We no longer instinctually go to retrieve the answers to questions from our own memory stores, but rather from the external memory bank that is Google/the internet. This concept of external, or transactive memory has been around well before the invention of the internet. A combination of memory stores can be shared by multiple individuals in contexts such as among a family, or between business partners. Is this really so bad? If adults have to look up the answers to basic multiplication problems, do they now have space in their memory to fill with abstract concepts?

We naturally put things into folders, categorizing them for later use.

A study done by Sparrow et. al shows that if participants are told in an experiment that they will have access to the information they are told to learn, later on, they are less likely to remember it. However, if participants are told it will be erased, and therefore inaccessible, they tend to better commit that information to their memory. Additionally, when participants are allowed to put information into categories, they are better equipped to accurately remember where facts have been placed. We might be bad at remembering information, but at least we know where to find it. This concept of being able to locate needed information shows that our searching skills far outweigh our thinking skills.


I find that the Google Effect is helpful in my everyday life, as well as in most academic situations. Any question I have at any time of day can be answered with internet access. There are limitations, however. For example, taking a test requires knowledge to be committed to memory. Or not being able to search the internet could be as simple as not having cell phone service. At this point, the internet is doing more good than harm, keeping us up to date and informed on almost every situation.

As a personal victim of the Google Effect, I don’t think it as bad some make it out to be. There is so much available information in the environment that I certainly don’t have the time or mental capacity to remember it all.
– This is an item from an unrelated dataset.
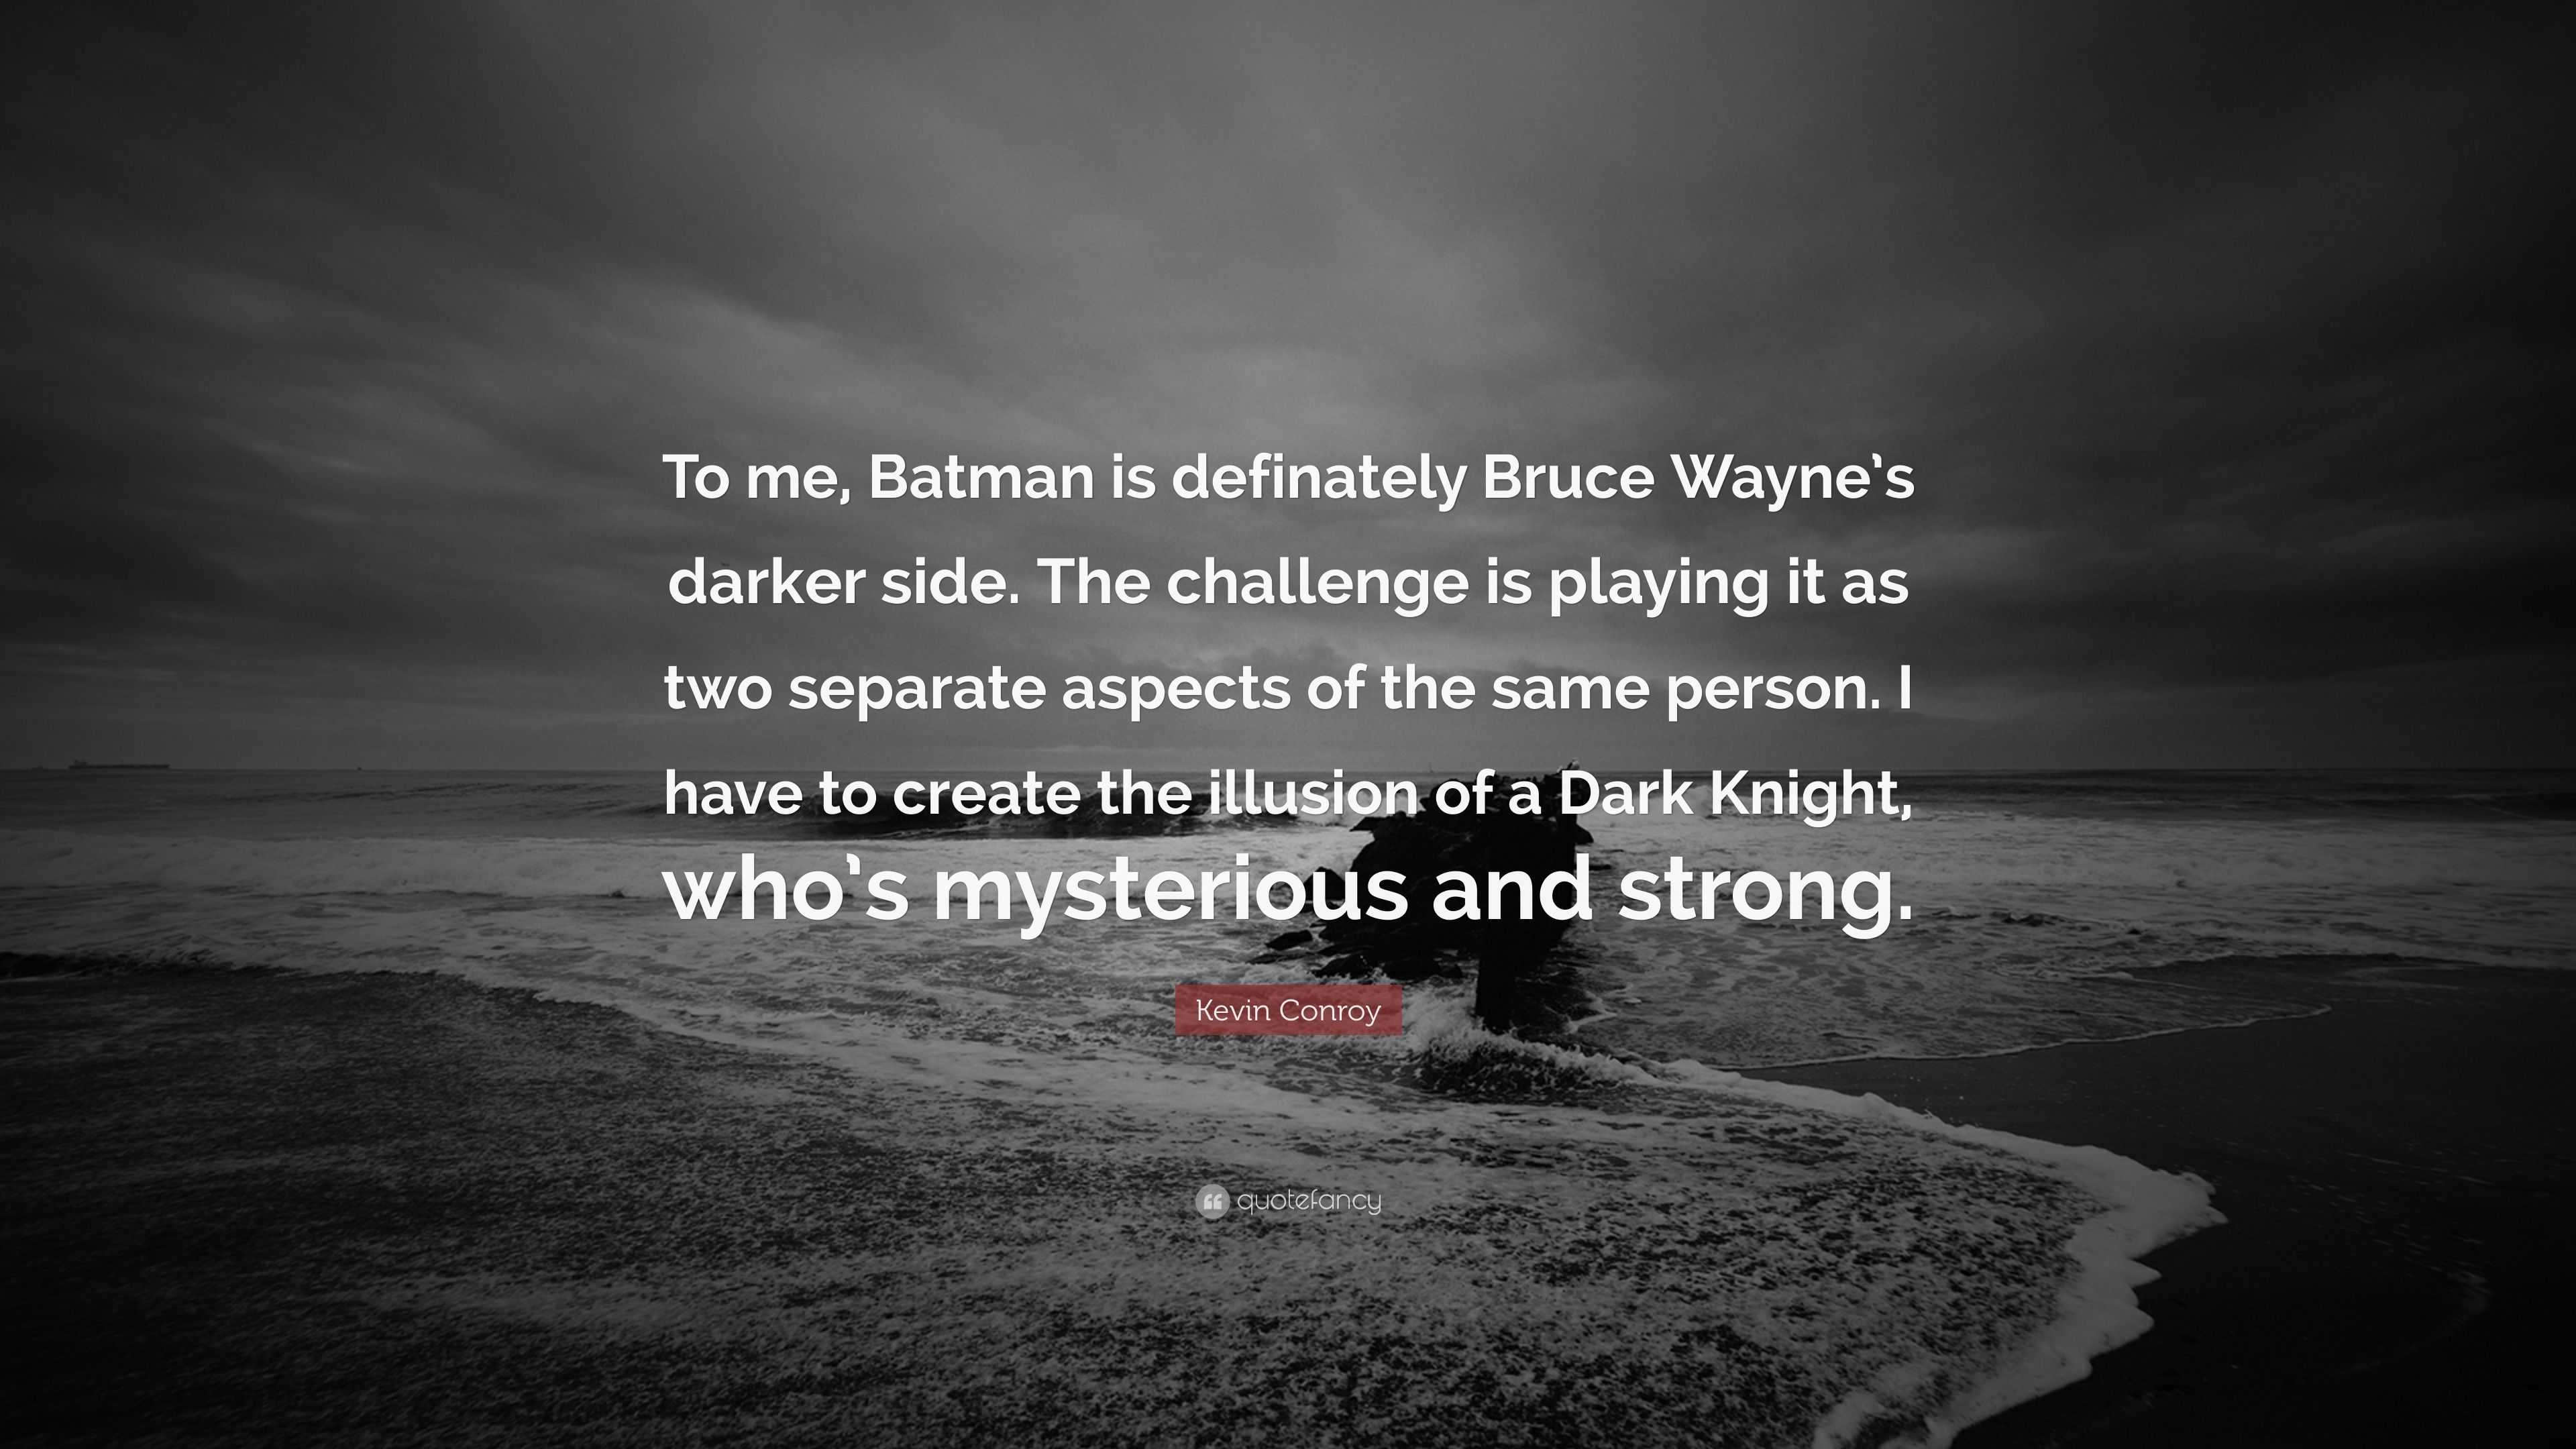 Kevin Conroy Quotes - BrainyQuote

We have the mindset of outsourcing knowledge to search engines, rather than taking the time to learn it (Bohannon 2011). Why should we have to remember something if it is so easily accessible through the internet?  This question will continue to plague us as our access to information expands in the years to come. Will we get to the point where we don’t need to encode anything to memory? It’s hard to tell right now, but maybe a Google search could clear that up. 



Bohannon, J. (2011). Searching for the Google Effect on People’s Memory. Science, 333(6040), 277. doi: 10.1126/science.333.6040.277

Heersmink, R. (2016). The Internet, Cognitive Enhancement, and the Values of Cognition. Minds & Machines, 26(4), 389-407. doi:10.1007/s11023-016-9404-3

Sparrow, B., Lie, J., & Wegner, D. M. (2011). Google Effects on Memory: Cognitive Consequences of Having Information at Our Fingertips. Science, 333(6043), 776-778. doi: 10.1126/science.1207745


Image 1: https://goo.gl/images/GwJnQa

Image 2: https://goo.gl/images/aWF2aQ

Image 3: https://goo.gl/images/qbZPgc

  1. nganto20
    May 7th, 2018 at 19:21 | #1

    The Google effect is clearly extremely relevant in today’s society when we almost always have access to the internet. It seems like the effect, as mentioned in the post, stems from a problem in the encoding process of memory–because we know that we can later have access to the new information, we will not make an effort to encode that information. But I wonder how this has changed since the invention of internet searching. When people learned new information that they wouldn’t have access to later, would they actually remember it better? That is, would they encode it differently than we now encode googled information? If they need to remember something then, yes, their encoding would be more effortful. But because forgetting still existed, not everything encoded would be accessible/available. Because of this, I would say that a search engine like Google is a positive thing. We just have to be aware that unless information is properly encoded, we are not really learning.